D’après notre source, UNHCR tente aujourd’hui de faire sortir ces 3.800 personnes et de les transférer dans des centres sûrs, éloignés des zones de combat. « Aujourd’hui, on dispose de deux centres de ce genre qui abritent 1.000 réfugiés parmi les plus fragiles, à savoir les femmes, les personnes âgées ou malades et les enfants sachant que les mineurs non accompagnés constituent 30% du total. Ces centres offrent des chambres pour des familles et d’autres individuelles climatisées avec des toilettes. On a offert également des cours de langue», a-t-il rapporté. Et de conclure : « Pourtant ces centres demeurent transitoires dans l’attente d’une solution durable. Pour UNHCR, la Libye n’est pas un pays sûr pour les réfugiés et on estime que leur rapatriement vers la Libye est inacceptable notamment par les temps qui courent. C’est pourquoi, on opte plutôt pour la réinstallation de ces réfugiés, le retour volontaire et l’ouverture des couloirs humanitaires comme le cas aujourd’hui avec le Niger où 600 personnes bénéficient de nourriture et de liberté de circulation.   D’ailleurs, le UNHCR n’a cessé de réitérer son appel à la communauté internationale pour qu’elle procède à de nouvelles évacuations de réfugiés hors de la capitale ».

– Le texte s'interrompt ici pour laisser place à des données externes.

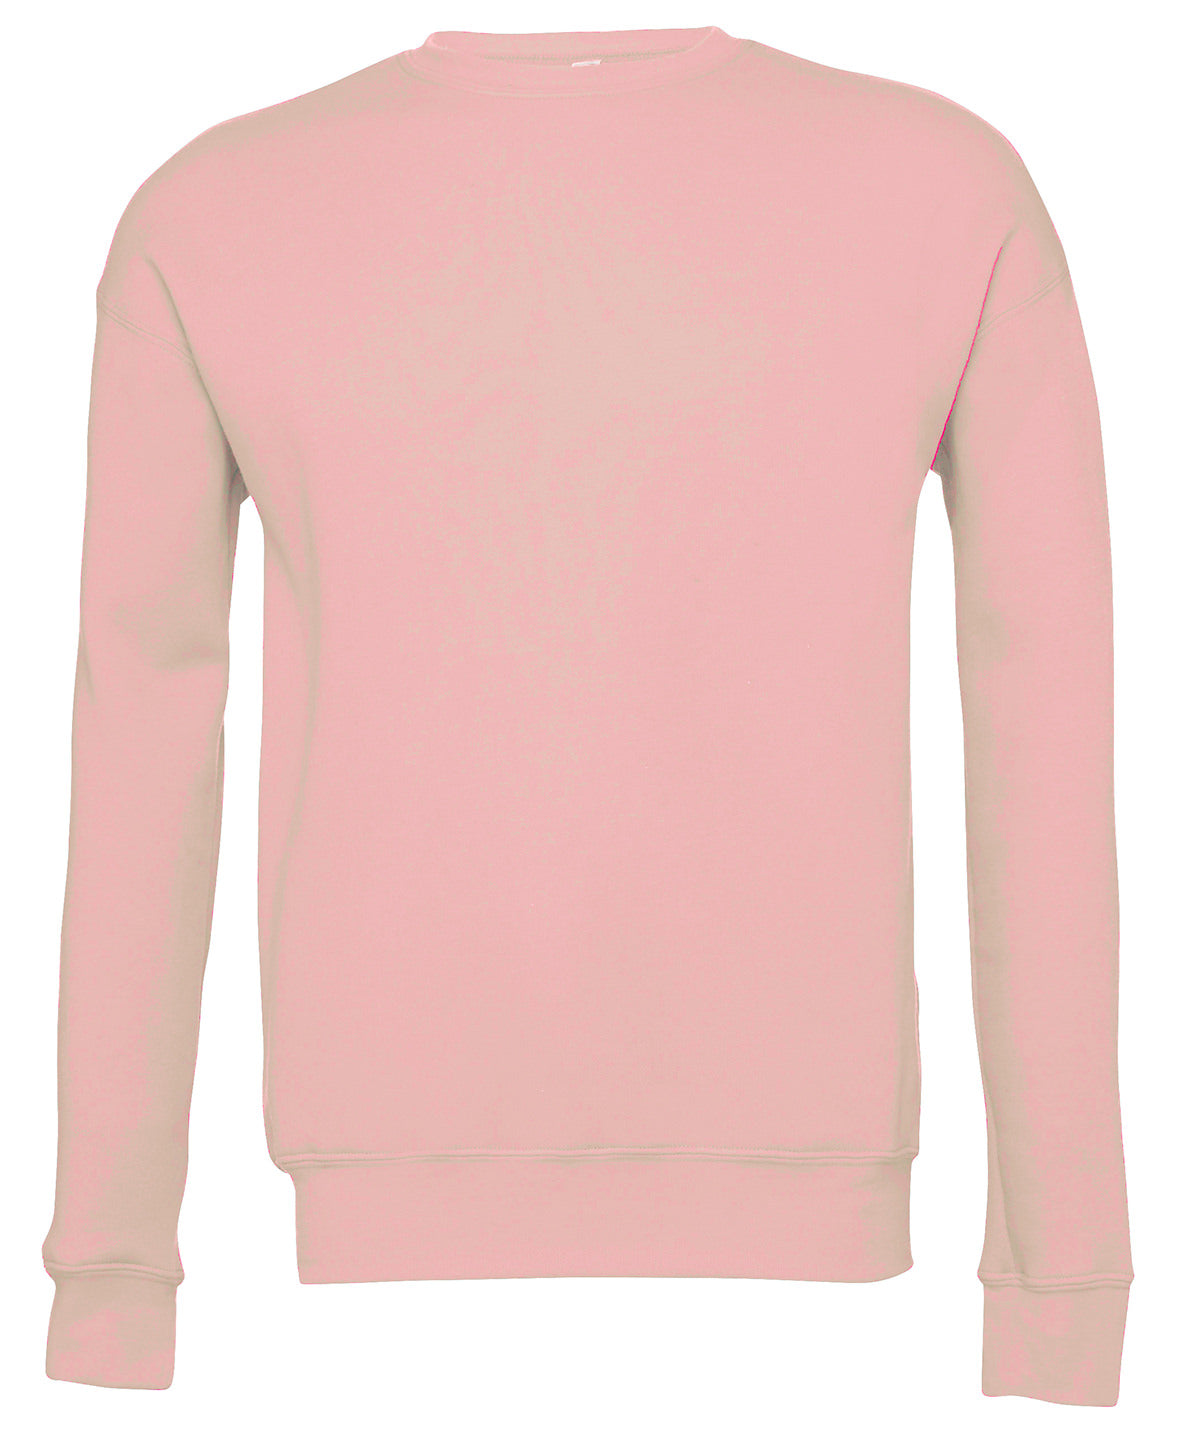 Personalised Sweatshirts - Black Bella Canvas Unisex drop shoulder fleece

Ledit raid aérien du mardi dernier a été condamné par plusieurs Etats. La cheffe de la diplomatie européenne,  Federica Mogherini a qualifié l’attaque de choquante et tragique qui «nous rappelle le coût humain du conflit en Libye ainsi que la situation désastreuse et vulnérable des migrants pris dans la spirale de la violence dans ce pays».
La France a également «condamné» le raid aérien et appelé à nouveau les parties à une désescalade immédiate et à la cessation des combats. De son côté, le ministre italien des Affaires étrangères, Enzo Moavero, a fait part de sa «consternation» tout en appelant à prendre des mesures sérieuses de protection […] et, en particulier, le transfert des migrants qui se trouvent dans des installations d’accueil vers des lieux à l’abri des combats.
Antonio Guterres, patron de l'ONU, a demandé, de son côté, une "enquête indépendante" sur l'attaque contre le centre et réitéré son appel à un "cessez-le-feu immédiat en Libye". Un vœu qui semble difficile à concrétiser puisque les forces du maréchal Haftar ont promis cette semaine d’intensifier les frappes aériennes contre les forces rivales du GNA, après avoir perdu Gharyan, ville au sud de Tripoli dont le maréchal avait fait son centre opérationnel lors de son offensive contre la capitale, à plus de 1.000 km de son bastion de Benghazi (nord-est). Les deux camps rivaux s’accusent mutuellement de recourir à des mercenaires et de profiter du soutien militaire, notamment aérien, de puissances étrangères.